Getting to the point
Many of you in the tech space are likely familiar with “pointing meetings” or “planning poker” or “sprint planning”. Without getting in too deep, the general idea is to have the members of a team close to a piece of work to be done and collectively estimate or forecast how much effort is involved. Whether you should do this at all is a reasonable question, but for the sake of the argument, let’s say that you will, and that the goal of your meeting is to have some idea of what you should plan to do over the next couple of weeks to have a reasonable shot of completing it all.
How much of your team’s time is this worth?
How much of your team’s time is a single item on this list worth?
How much of your team’s time is a single item on this list worth when everyone’s pretty close in their guess of how much effort it will take?

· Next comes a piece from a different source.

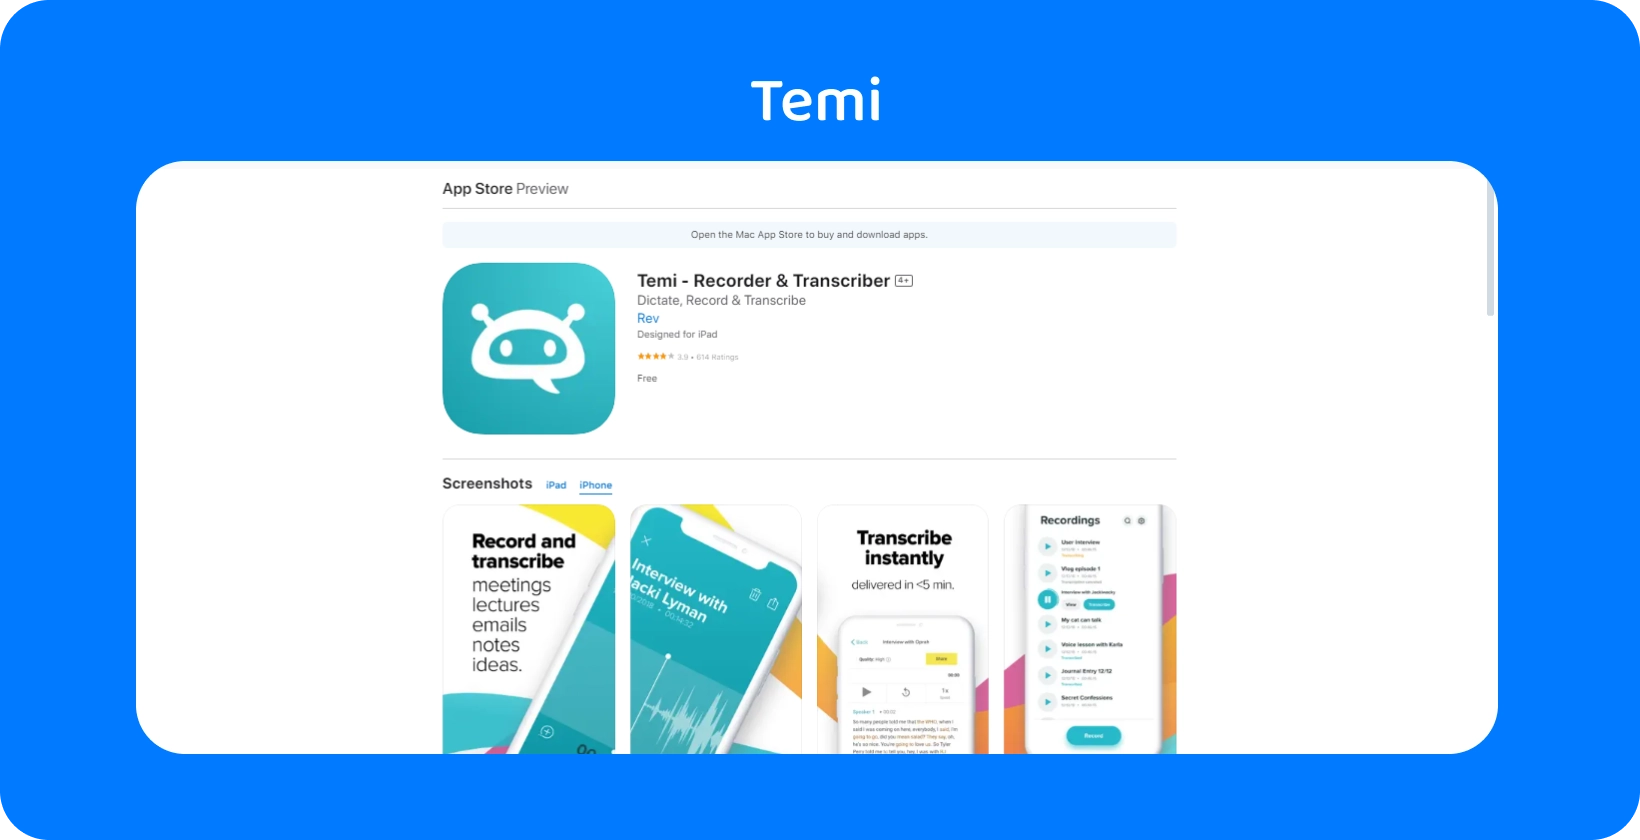 Képernyőkép Temi App Store listázásról, kiemelve annak gyors rögzítési és azonnali átírási funkcióit.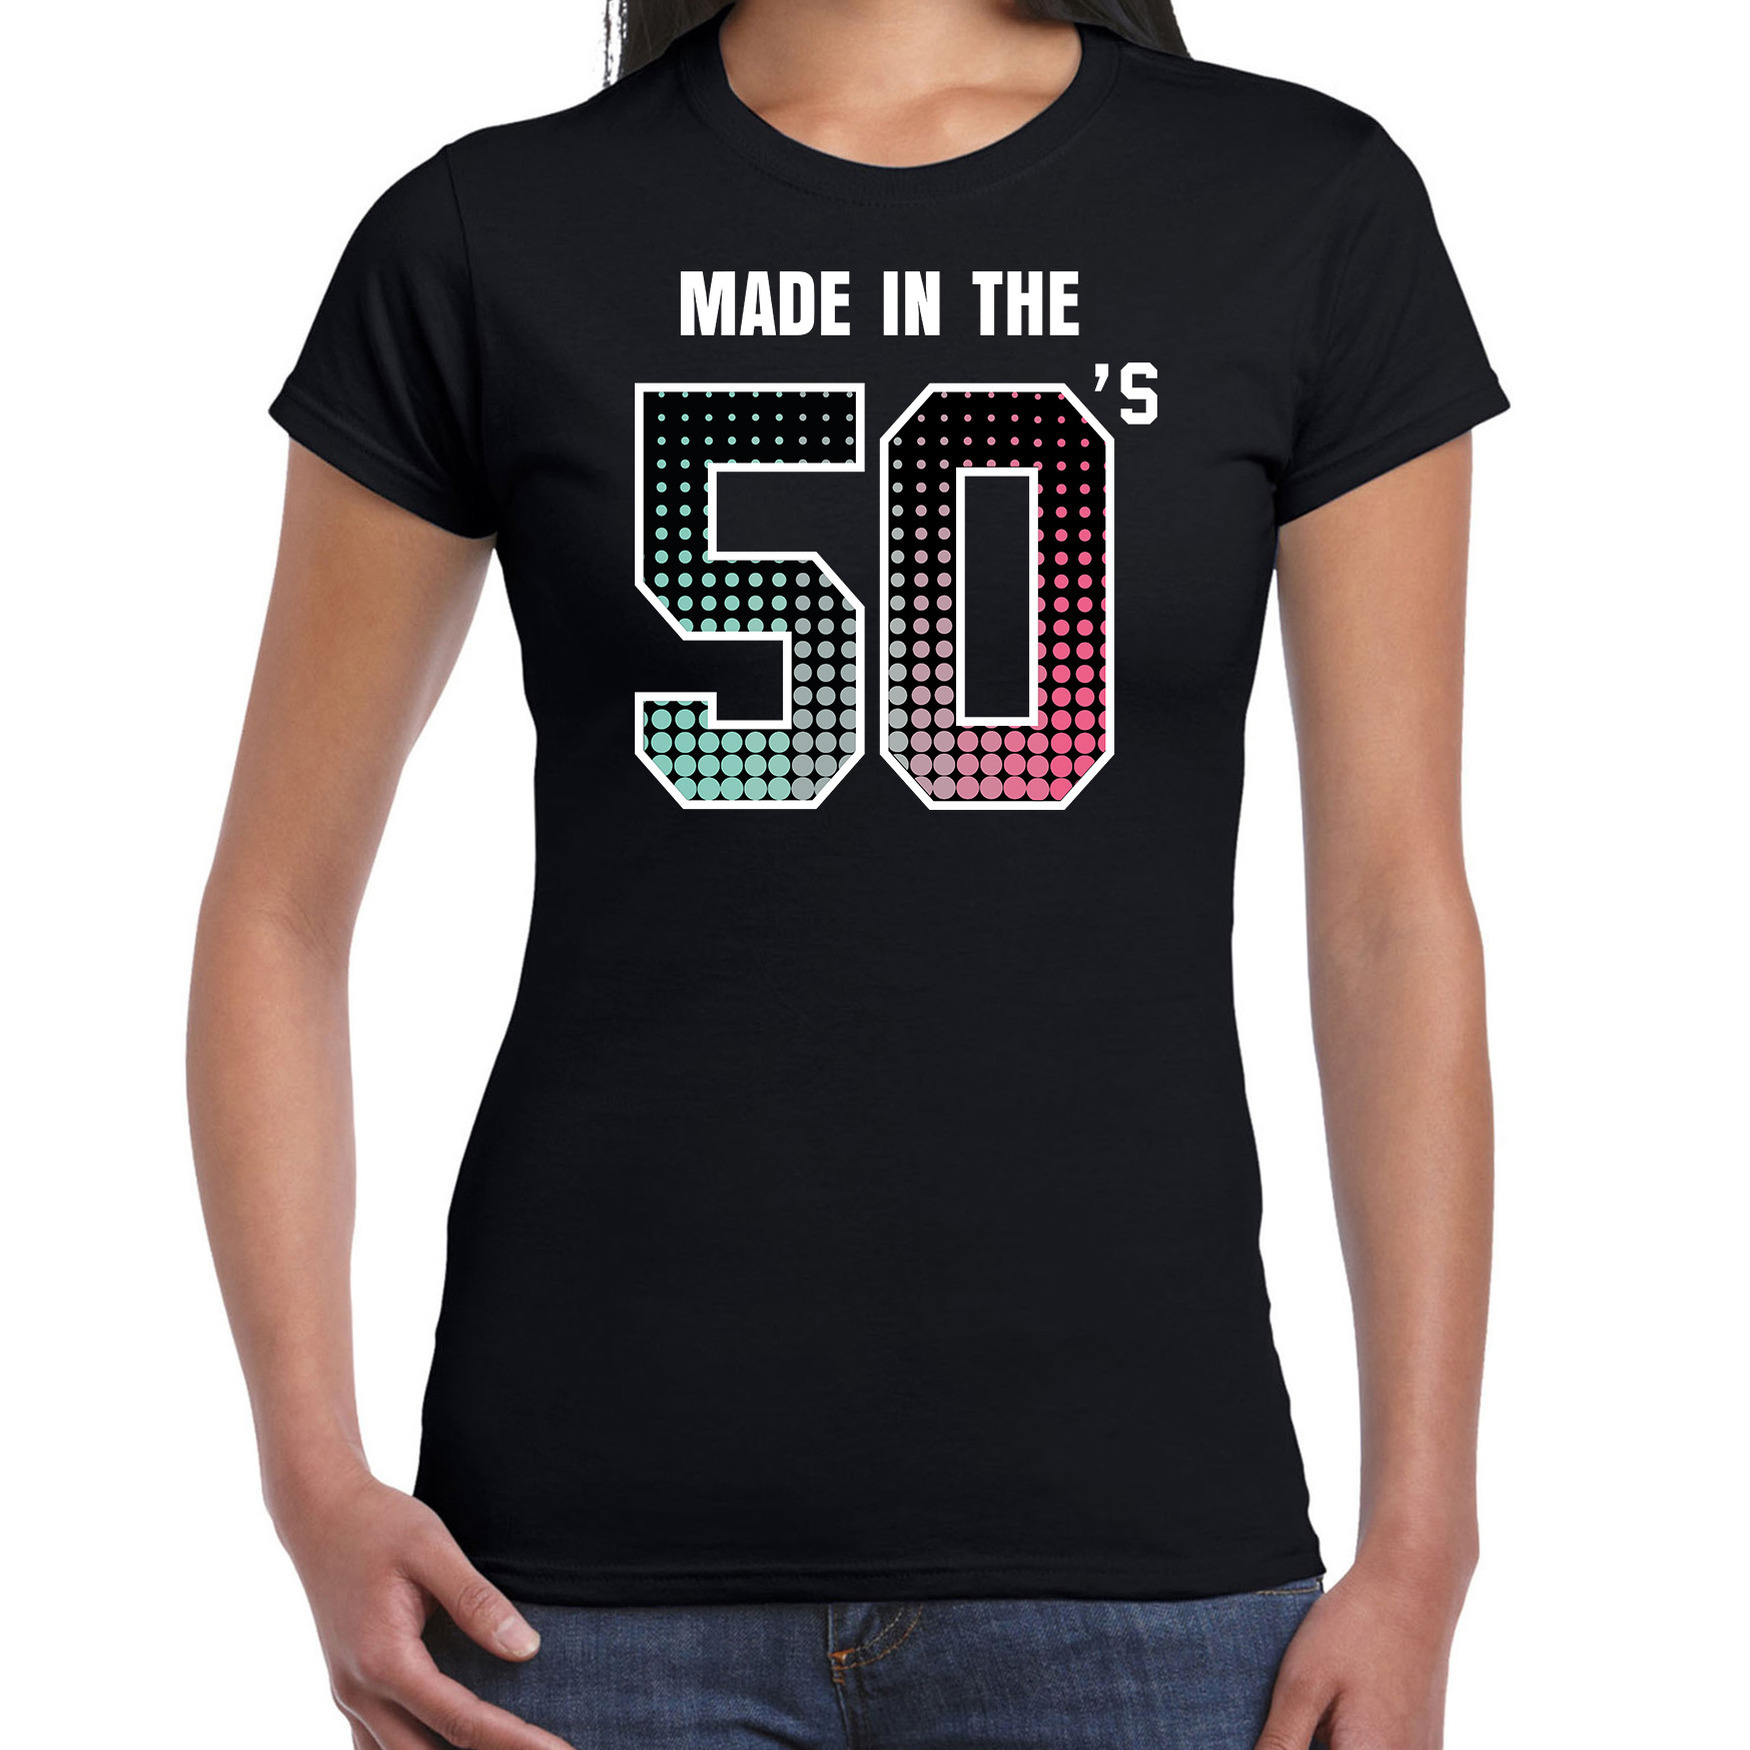 Fiftys t-shirt / shirt made in the 50s / geboren in de jaren 50 zwart voor dames

Across teams, clients, and ecosystems, I’ve repeatedly run into this pattern:
- a unit of work, ticket, story, card, etc. is reasonably well-defined and not obviously going to explode
- everyone on the team votes for one of two adjacent point values: a mix of just 1’s and 2’s, for example, or of just 2’s and 3’s.
- the team spends the next ten minutes deciding which of those two options to go with.
Does that sound familiar?
Does that sound like the way your team wants to spend their time?
If this rhymes with your experience–a suggestion.
Tactically: if you’ve got a pointing meeting or voting meeting like this one, and the outcome isn’t enormously consequential, and all the votes are for adjacent point values like in the examples above, prompt your team for whether anything is clearly on fire about the work unit that requires extensive discussion. If it does, you’re not going to get a good forecast, and you should plan accordingly. If not, just choose the bigger point value and move on with your life. Done.
Thematically: where else in your processes and rituals are you having extended discussions around things that ultimately won’t have a large impact? They might not be zero, but your time and effort is better spent elsewhere. How can you cut down on that expenditure so you can focus on the things that matter?